To identify and settle the issue, the federal rule amendment was made as described in committee notes:

This amendment to Rule 35(b) conforms its language to the nonliteral interpretation which most courts have already placed upon the rule, namely, that it suffices that the defendant's motion was made within the 120 days and that the court determines the motion within a reasonable time thereafter. United States v. DeMier, 671 F.2d 1200 (8th Cir.1982); United States v. Smith, 650 F.2d 206 (9th Cir.1981); United States v. Johnson, 634 F.2d 94 (3d Cir. 1980); United States v. Mendoza, 581 F.2d 89 (5th Cir.1978); United States v. Stollings, 516 F.2d 1287 (4th Cir.1975). Despite these decisions, a change in the language is deemed desirable to remove any doubt which might arise from dictum in some cases, e.g., United States v. Addonizio, 442 U.S. 178, 189 [99 S. Ct. 2235, 2242, 60 L. Ed. 2d 805] (1979), that Rule 35 only "authorizes District Courts to reduce a sentence within 120 days" and that this time period "is jurisdictional, and may not be extended." See United States v. Kajevic, 711 F.2d 767 (7th Cir.1983), following the Addonizio dictum.
As for the "reasonable time" limitation, reasonableness in this context "must be evaluated in light of the policies supporting the time limitations and the reasons for the delay in each case." United States v. Smith, supra, at 209. The time runs "at least for so long as the judge reasonably needs time to consider and act upon the motion." United States v. Stollings, supra, at 1288.
In some instances the court may decide to reduce a sentence even though no motion seeking such action is before the court. When that is the case, the amendment makes clear, the reduction must actually occur within the time specified.
This amendment does not preclude the filing of a motion by a defendant for further reduction of sentence after the court has reduced a sentence on its own motion, if filed within the 120 days specified in this rule.[[4]]
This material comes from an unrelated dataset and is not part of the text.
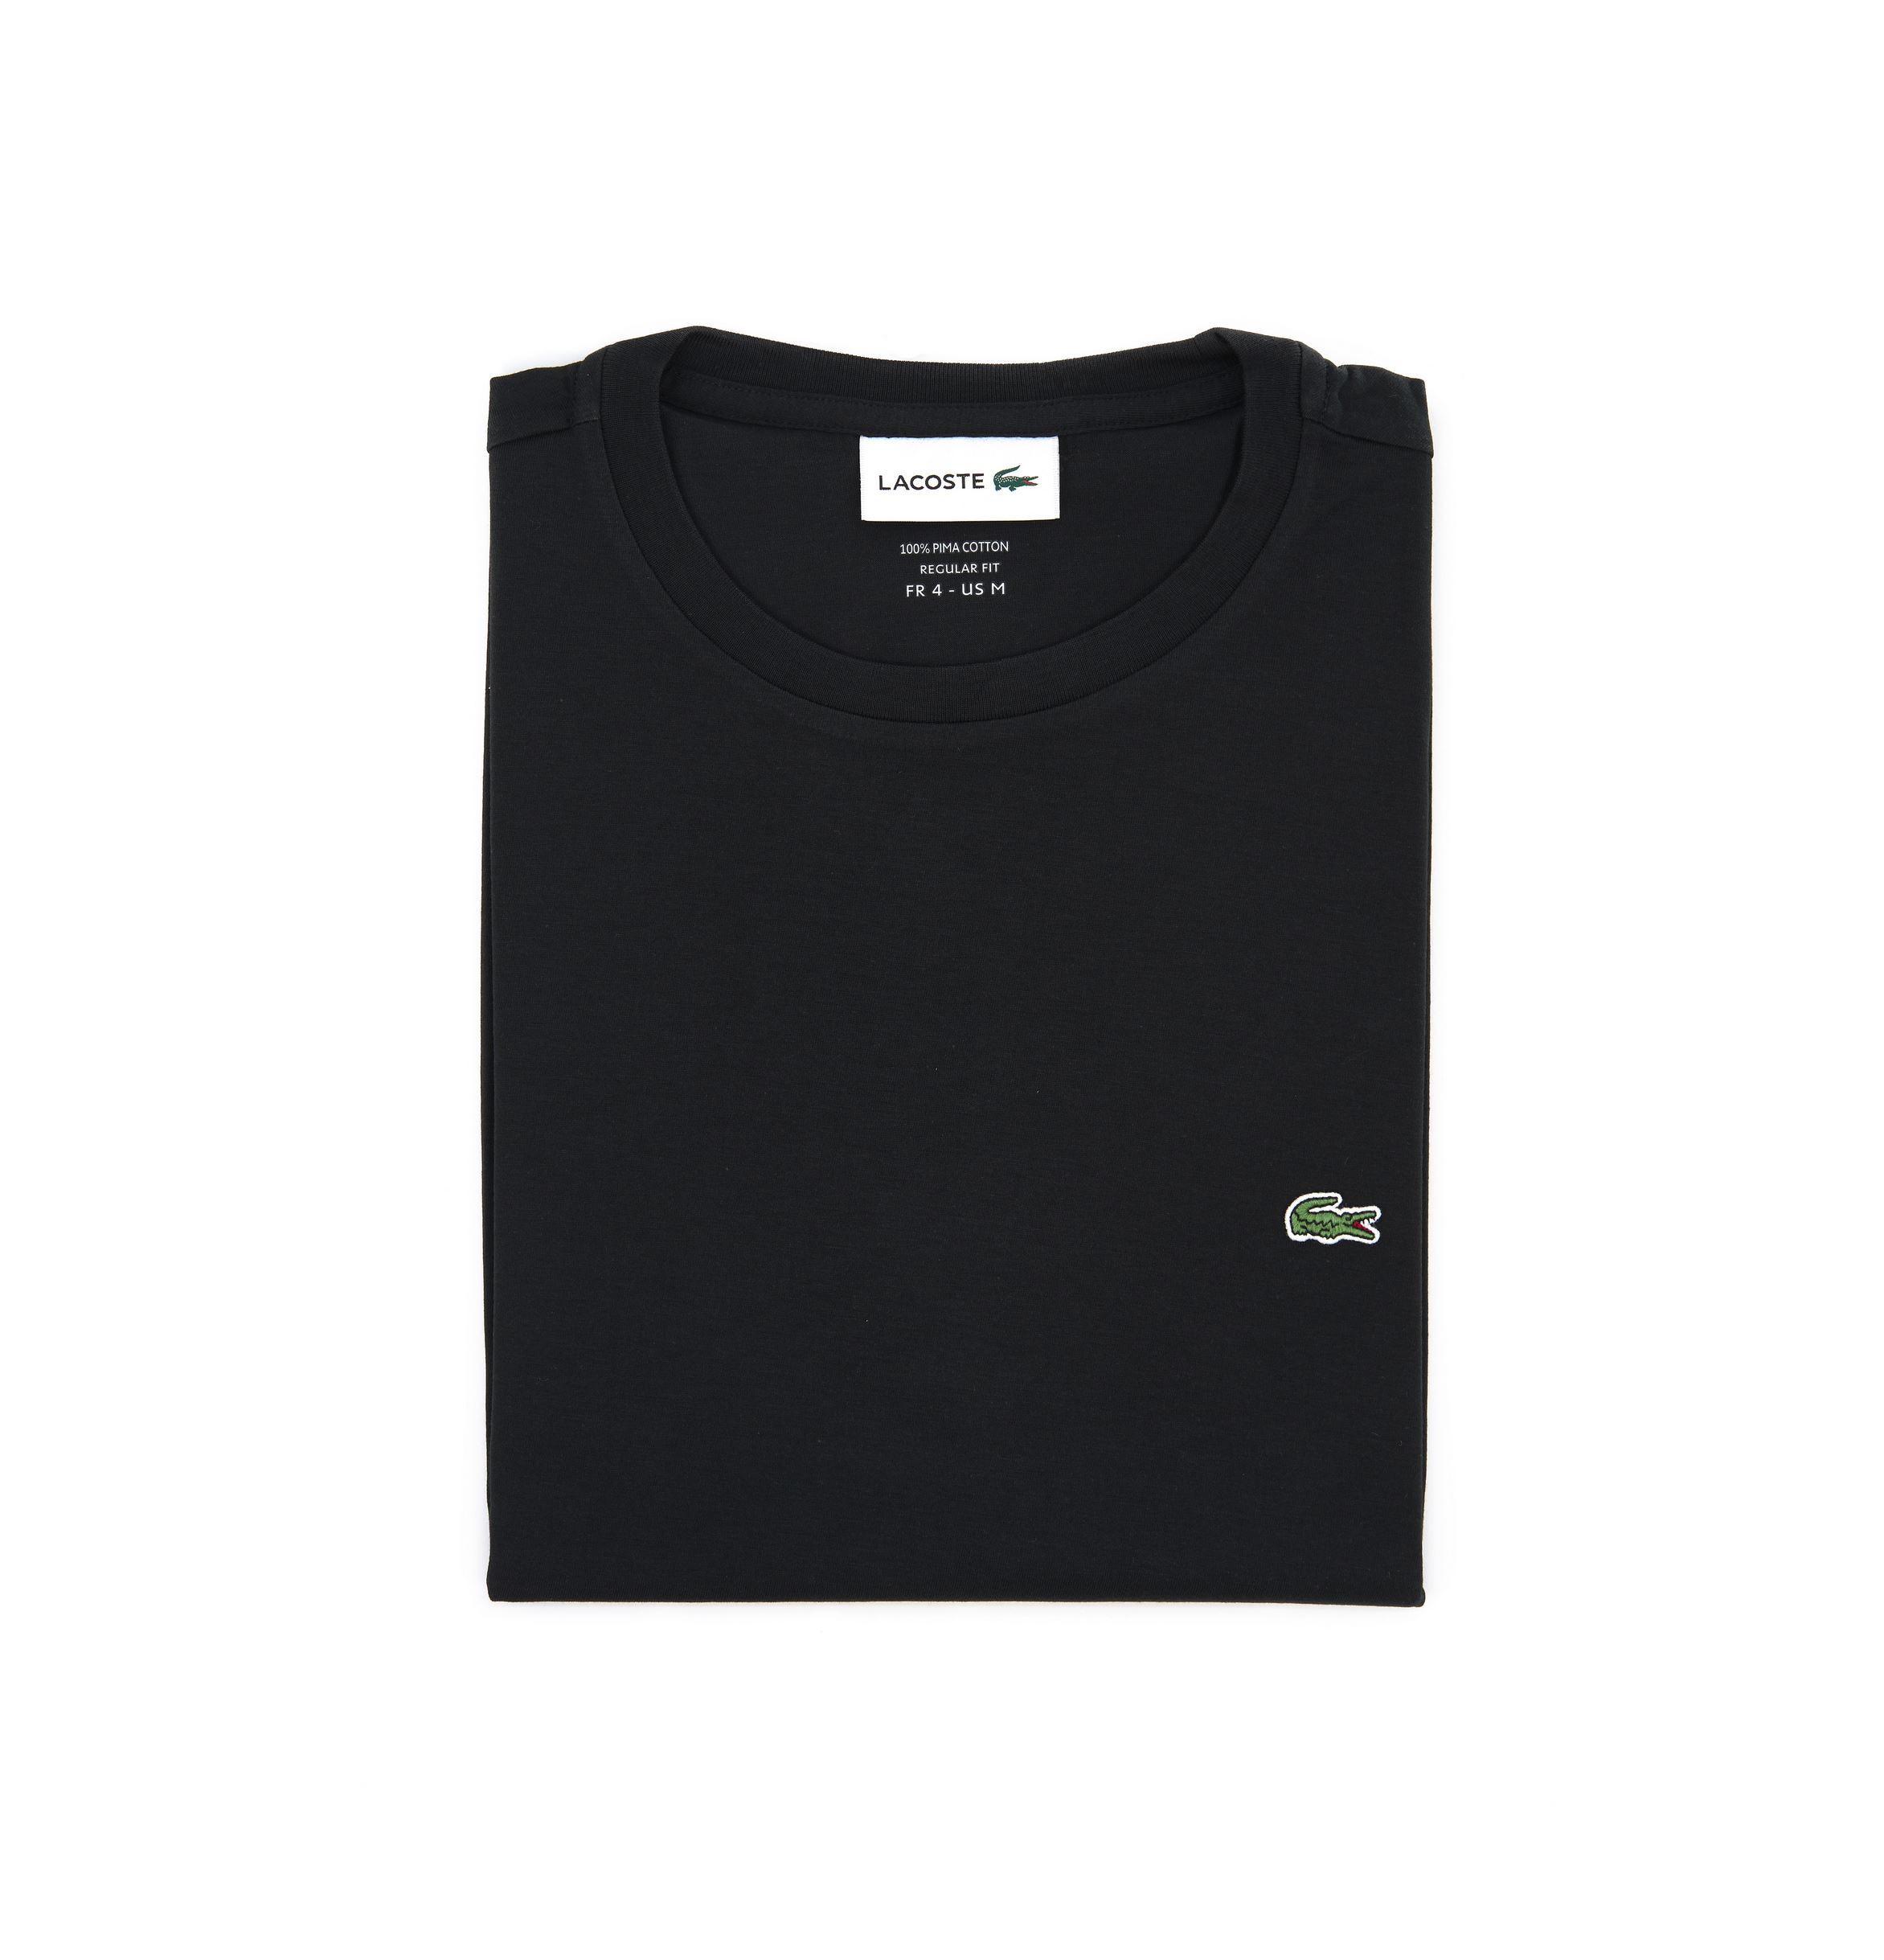 Lacoste t-shirt long sleeve black - Store

Amendments to the Federal Rules of Criminal Procedure, 105 F.R.D. 179, 197 (1985). See also Wright, Federal Practice and Procedure, Criminal 2d § 587 (1982 & 1989 Supp.). In discussing the prior rule, that authority stated:

Fortunately the courts have avoided so singular a result and have interpreted the time period as related to the filing of a motion for reduction of sentence, and as allowing the court to act on the motion within a reasonable time after it is filed, even if beyond the 120 days.

Wright, supra, at 411.

In March 1987, this court, in conjunction with its decision in Nelson, 733 P.2d 1034, which in itself directed the answer to the present controversy, undertook to update the Wyoming rule to be identical with the then existent federal rule as recently changed. In speaking of the federal rule *1128 change, Chief Justice Brown, in writing for this court said:

We also find the 1983 amendment to Rule 35, F.R.Cr.P., to be instructive. The amended rule provides in pertinent part: "A motion to reduce a sentence may be made * * * within 120 days after the sentence is imposed or probation is revoked *." This amendment was made to clarify the rules, and was designed to effectuate the purpose set out above. Clearly, the amendment was made to clarify Rule 35, not to change its meaning. Likewise, we will interpret our Rule 36 similarly to facilitate the obvious objective.

Nelson, 733 P.2d at 1036. The change then made in the 1987 amendment to the Wyoming rules accommodated both the specific subject matter of Nelson relating to a revocation of probation and also the additional subject of the 1985 federal amendment relating to the motion undecided within 120 days.

We find also, for present purposes, the clarification terminology of Nelson persuasive and conclusive as related to the rule correction and amendment of this court effective June 16, 1987. Specifically, the Wyoming rule change was made for the same reason and pursuant to the authority and insight afforded by the change to the federal rule. It was effective as to any motion for reduction which may have been filed within the limitation period after the effective date of June 16, 1987.[5]

We finally must decide what happens to this petitioner. We hold that the reasonable time provided generally by case law and the amended rule extends through this period of her effort by continued litigation. The defect was caused by a misconstruction of the trial court's jurisdiction in the initial refusal to decide so that she is entitled to have a decision made on the motion. The case is remanded to the trial court for a decision by a district judge who is qualified to act to decide whether the 1987 motion for reduction, with or without updated information, justifies relief at this date. Action and modification to be considered by the trial court will relate only to the term of the sentence and not to the obligation of restitution.[6]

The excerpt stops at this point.